The Negative Binomail distribution has a less restrictive relationship between the mean and variance of y. \[Var(y)=\lambda+\alpha \lambda^2\]

We can think of \(\alpha\) as the overdispersion parameter.

Testing for Overdispersion

Step 1. Estimate the count model using the negative binomial distribution.

Step 2. Test \(H_o:\alpha=0\) vs \(H_a:\alpha\neq0\)

Step 3. Determine which case you are in

If \(\alpha=0\), then the Poisson model holds
If \(\alpha>0\), then we have overdispersion (very common)
If \(\alpha<0\), then we have underdispersion (rare)

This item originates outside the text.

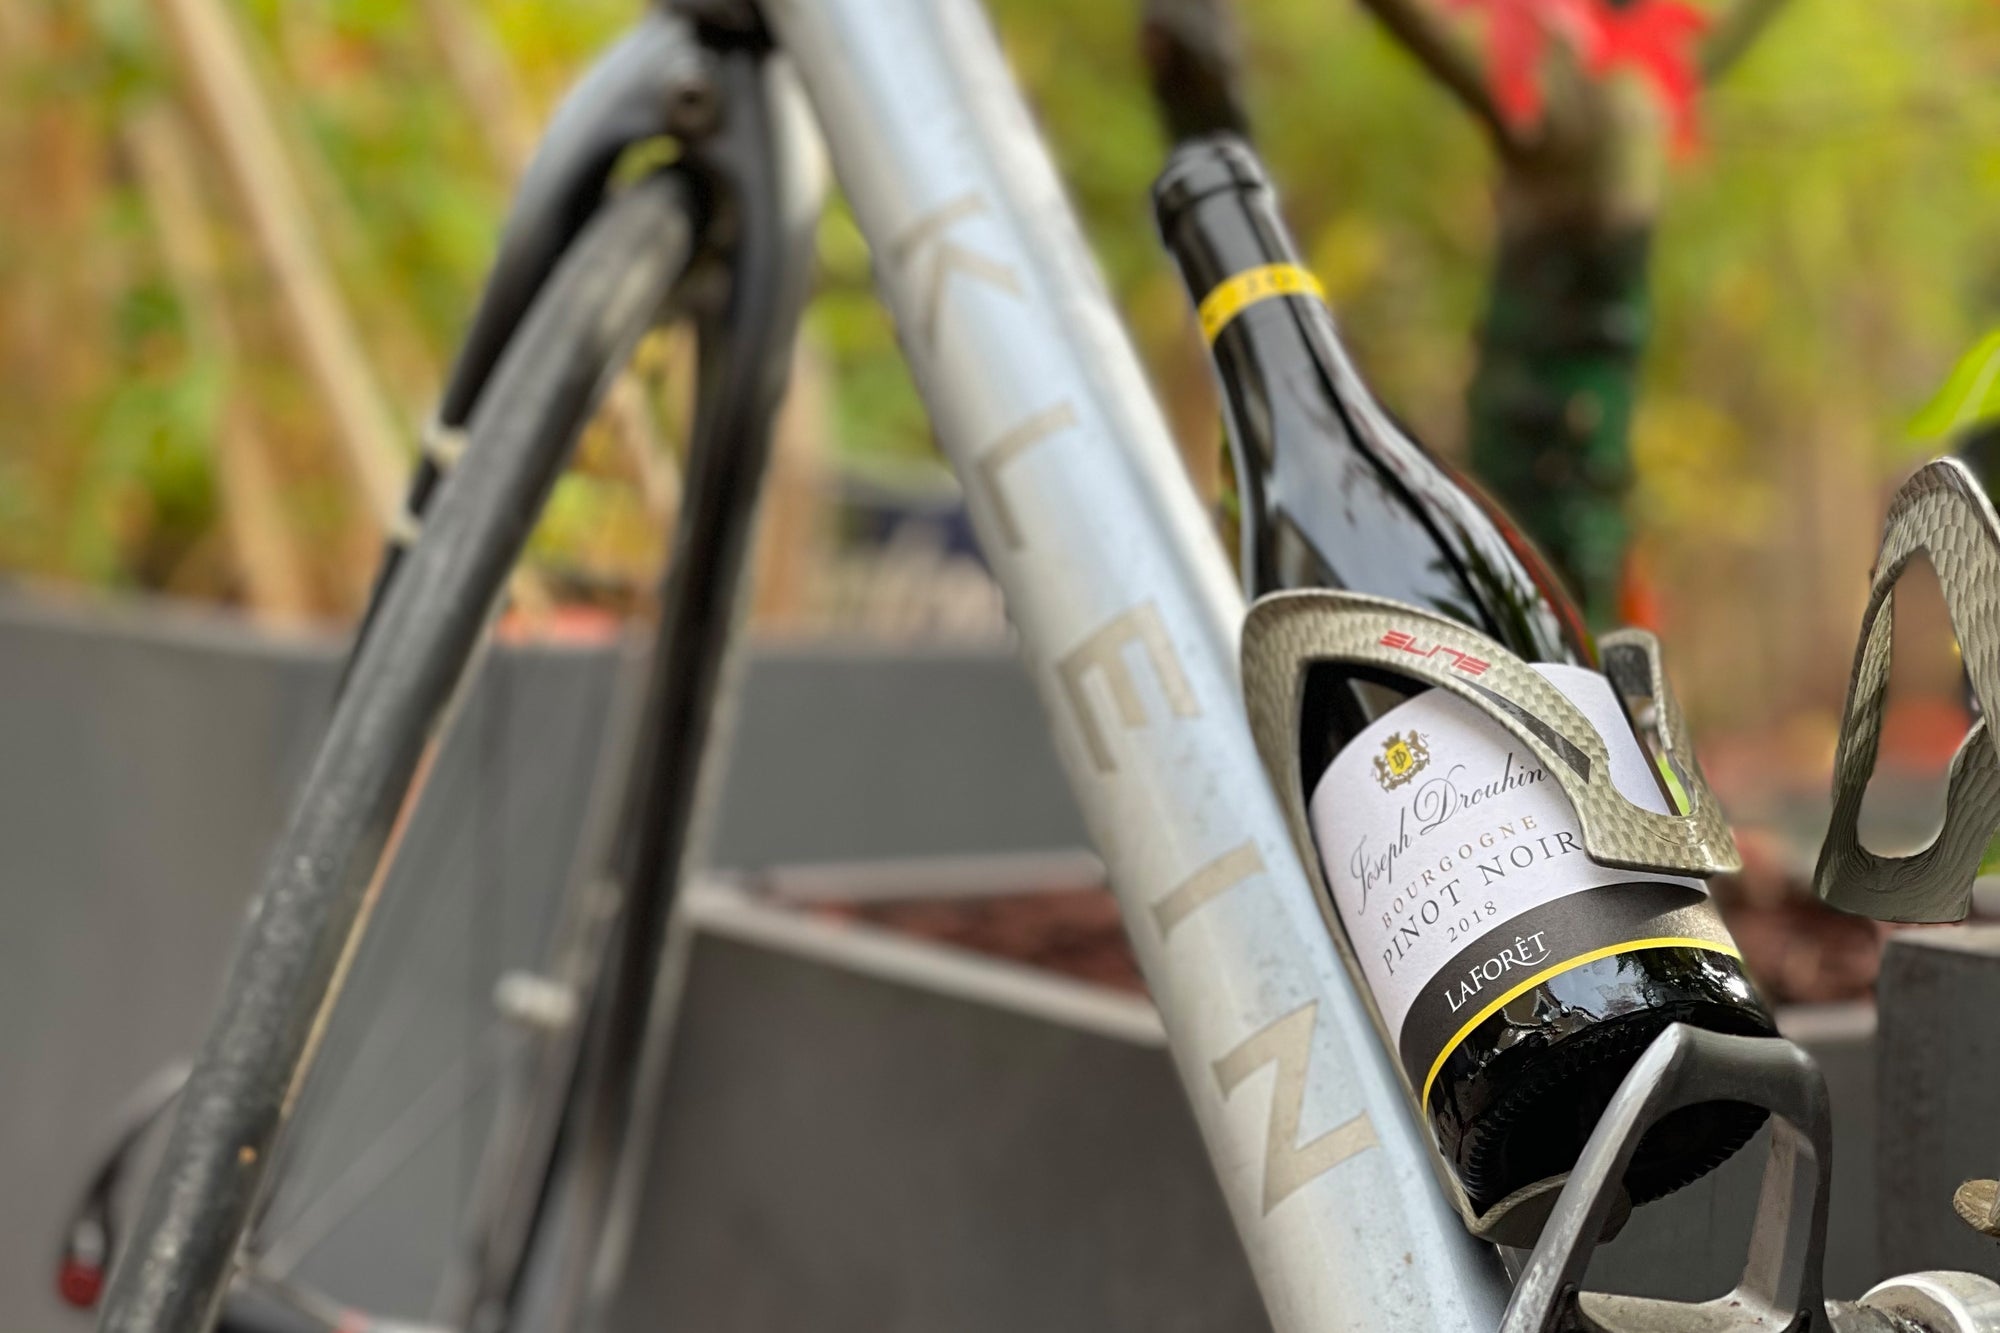 0.375 Liter Halbflasche Rotwein Bourgogne Pinot Noir Laforêt von 2018 steckt in einem Rennradgetränkehalter.

Poisson and Negative Binomial in

library(MASS); library(AER) #MASS contains the negative binomial model
data("NMES1988") 
plot(table(NMES1988$visits),xlab="Physician Office Visits", ylab="Counts")

Issues with the data

First, notice the shape of Physician office visits. Does this look normally distributed to you?

Should we be concerned with the mass of zero's?

How about those outliers?

Standard Poisson and Negative Binomial Model

fm_pois <- glm(visits ~ ., data = NMES1988, family = poisson) # Standard Poisson Model
# Calculating robust standard errors
cov.m1 <- vcovHC(fm_pois, type="HC0")
std.err <- sqrt(diag(cov.m1))
fm_qpois <- glm(visits ~ ., data = NMES1988, family = quasipoisson) # Quasi-Poisson
 fm_nbin <- glm.nb(visits ~ ., data = NMES1988) # Negative Binomial
 stargazer::stargazer(fm_pois,fm_pois,fm_qpois,fm_nbin,type="html", 
                      se = list(NULL,std.err,NULL,NULL), 
                      dep.var.labels = c("Poisson","Poisson Robust",
                                         "Quasi Poisson","Neg. Bin"))

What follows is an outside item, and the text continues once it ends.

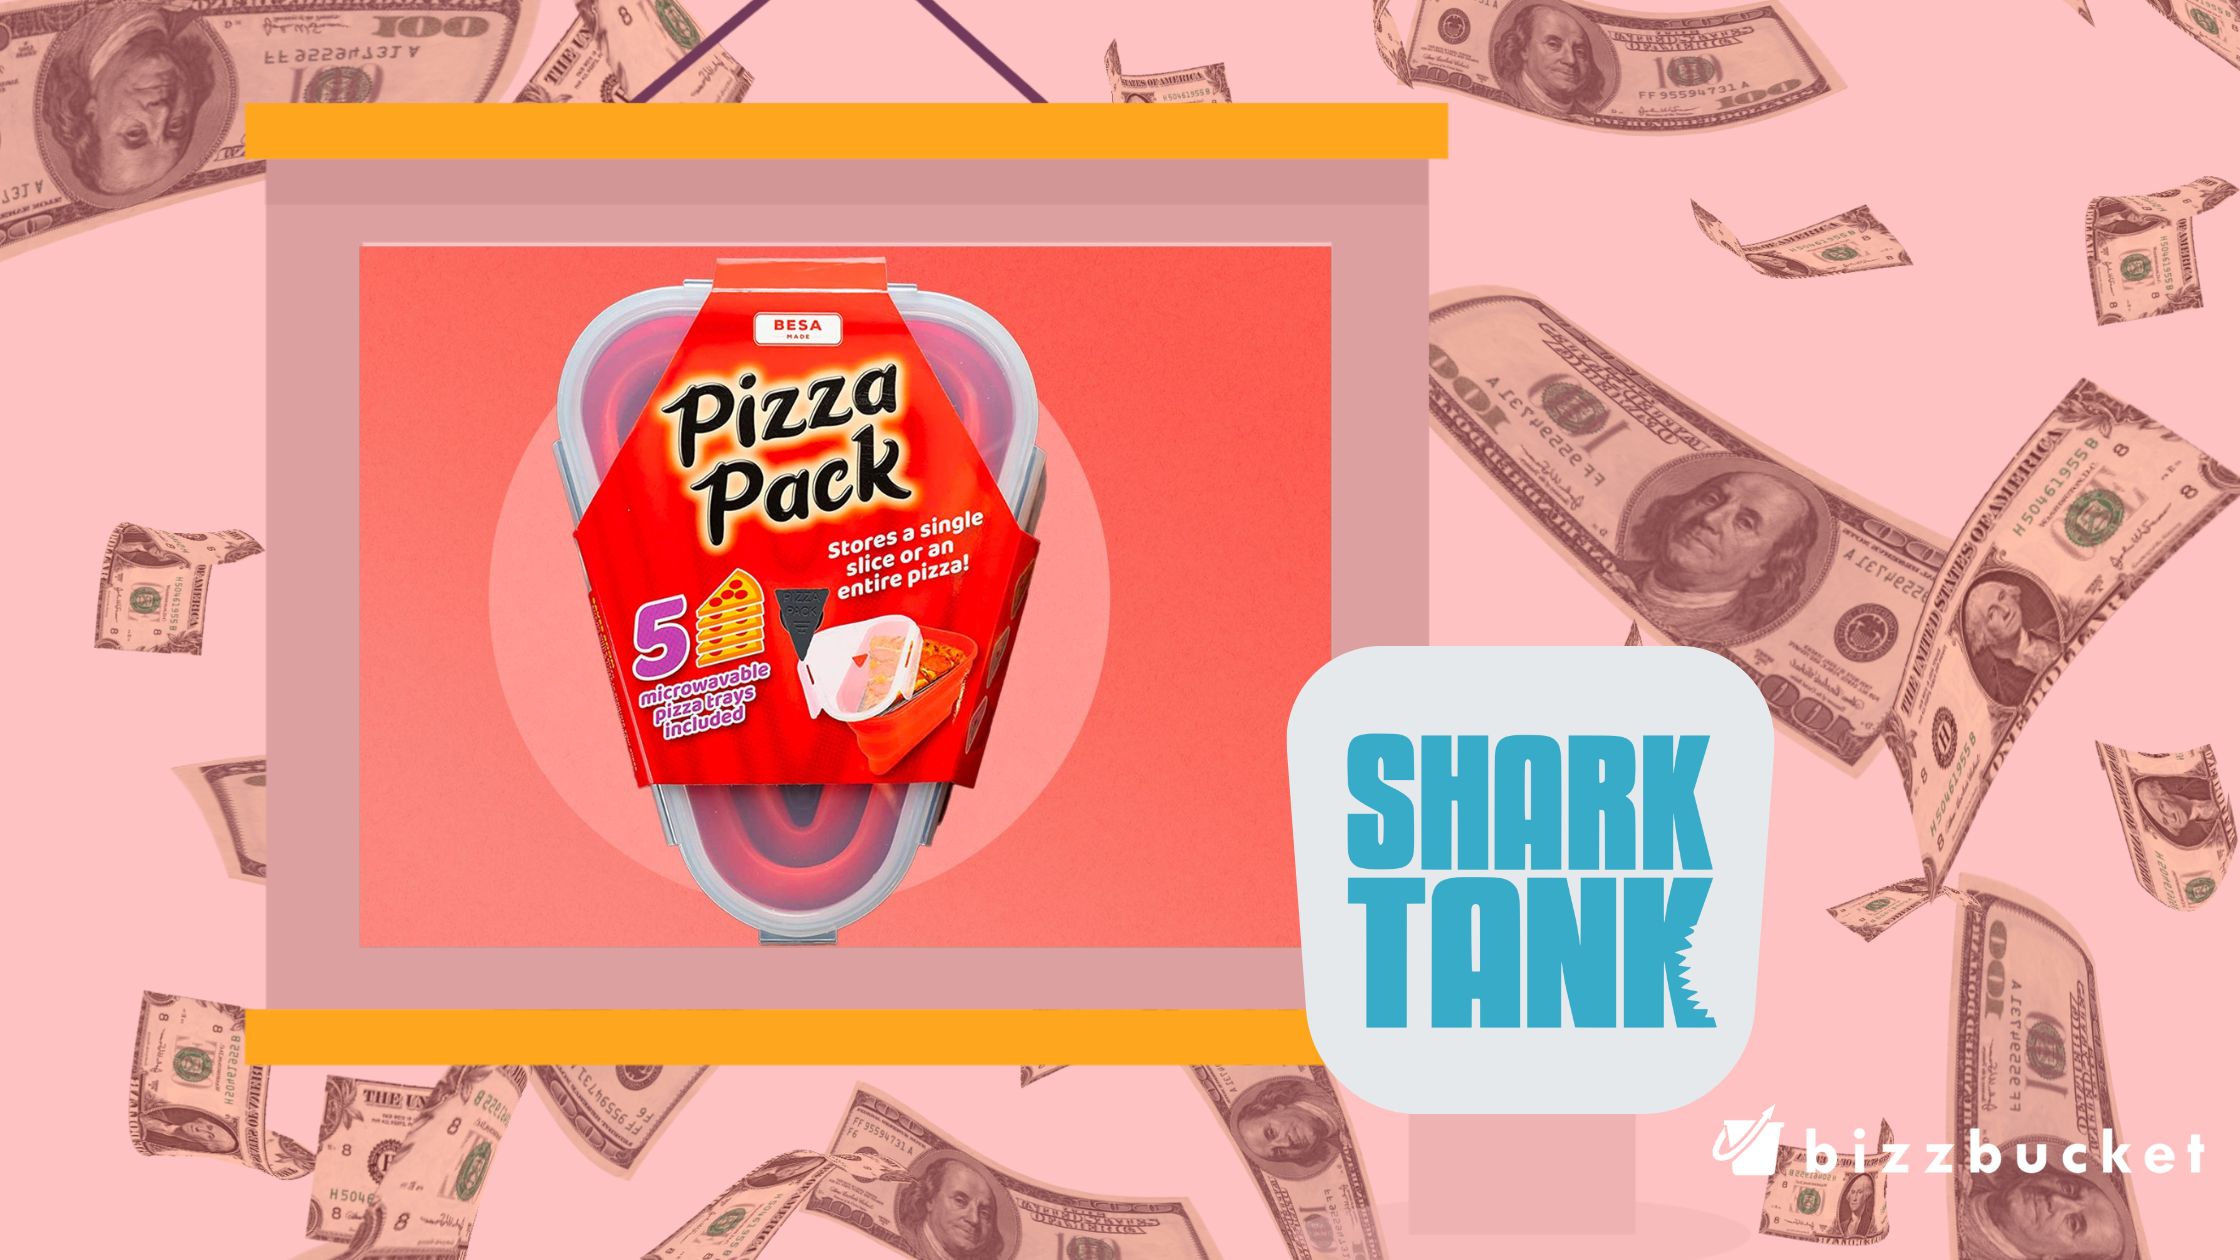 Pizza Pack shark tank update

Standard Poisson and Negative Binomial Model


	Dependent variable:

	Poisson
	Poisson		glm: quasipoisson	negative
			link = log	binomial
	(1)	(2)	(3)	(4)

hospital	0.182^***	0.182^***	0.182^***	0.240^***
	(0.006)	(0.022)	(0.015)	(0.020)

chronic	0.175^***	0.175^***	0.175^***	0.204^***
	(0.004)	(0.011)	(0.011)	(0.012)

insuranceyes	0.183^***	0.183^***	0.183^***	0.192^***
	(0.017)	(0.043)	(0.044)	(0.040)

gendermale	-0.116^***	-0.116^***	-0.116^***	-0.136^***
	(0.013)	(0.036)	(0.034)	(0.031)

school	0.022^***	0.022^***	0.022^***	0.021^***
	(0.002)	(0.005)	(0.005)	(0.004)

Constant	1.053^***	1.053^***	1.053^***	0.986^***
	(0.023)	(0.064)	(0.061)	(0.054)


Observations	4,406	4,406	4,406	4,406
Log Likelihood	-18,151.350	-18,151.350		-12,209.240
theta				1.180^*** (0.033)
Akaike Inf. Crit.	36,314.700	36,314.700		24,430.490

Note:	p<0.1; p<0.05; p<0.01

Excessive Zeros

A problem that plagues both the Poisson and Negative Binomial Models is when there are excessive zeros in the data.

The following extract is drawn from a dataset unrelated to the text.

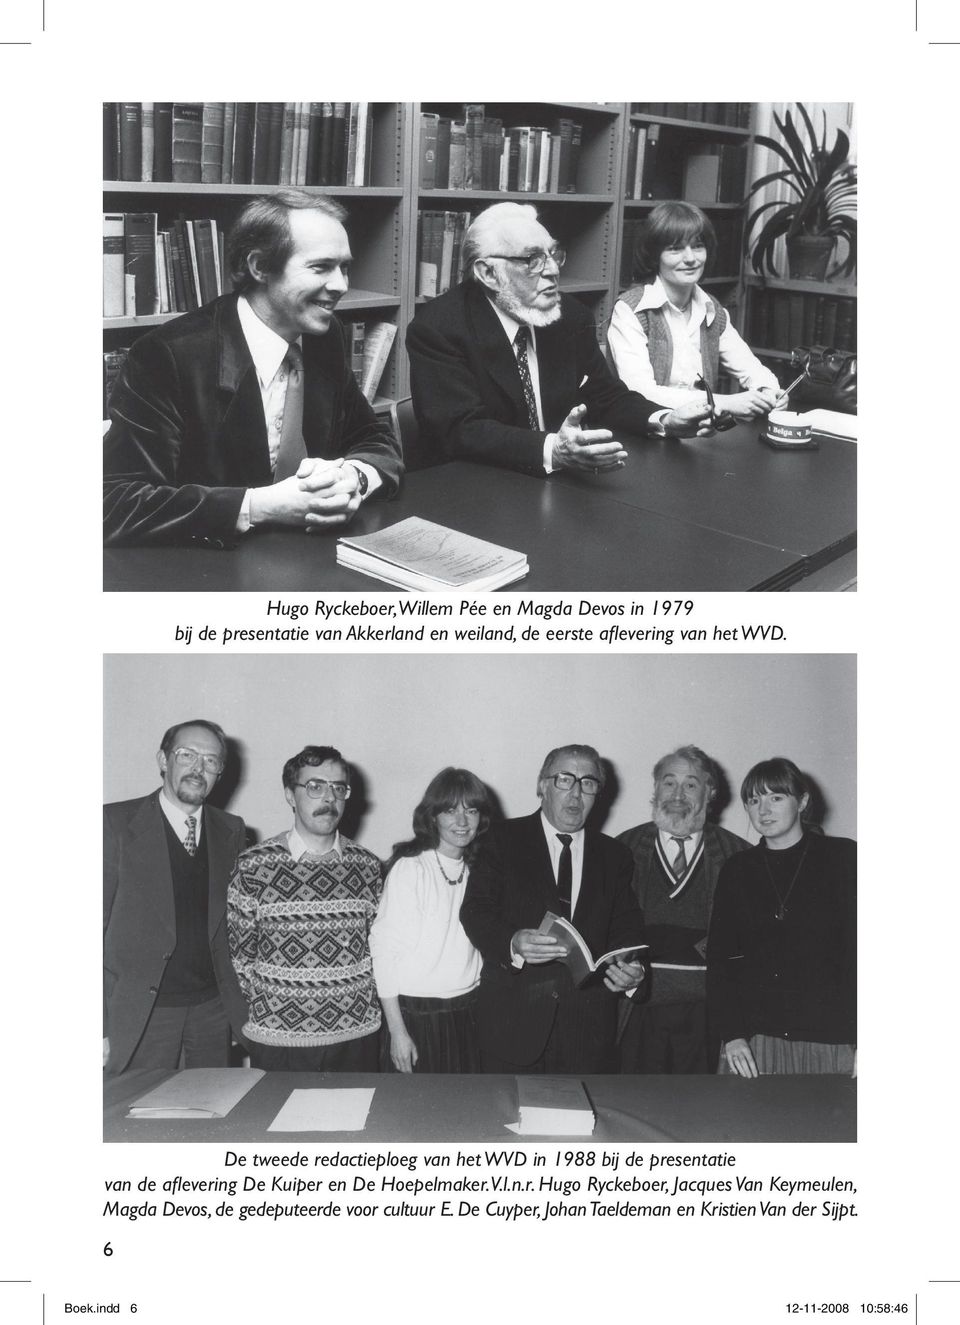 De tweede redactieploeg van het WVD in 1988 bij de presentatie van de aflevering De Kuiper en De

There a two appoaches to address these zeros

Hurdle Model or Two Part Model
Zero Inflated Model

Hurdle Model

The Hurdle Model treats the distribution of zeros separately from the distribution of positive values.

For example, your choice to start exercising may be different than your choice about how often to exercise.

The first part of the model is typical captured by a probit or logit model.

The second part of the model is captured by a poisson or negative binomial model that is trunctated at 1.

Hurdle Model

Let the process generating the zeros be \(f_1(0)\) and the process generating the positive responses be \(f_2(0)\), then the two part density distribution is \[g(y)=\left\{\begin{matrix} f_1(0) & y=0 \\ \frac{1-f_1(0)}{1-f_2(0)}f_2(y) & y>0 \end{matrix}\right.\]

If \(f_1(0)=f_2(0)\), then the hurdle model reduces to the standard count model.

Zero Inflated Model

The zero inflated model treats zeros differently than the hurdle model.

Zeros are produce for two reasons.

There is an exogenous mass of zeros that are independent of the count process.
There are a set of zeros that are caused by the count process.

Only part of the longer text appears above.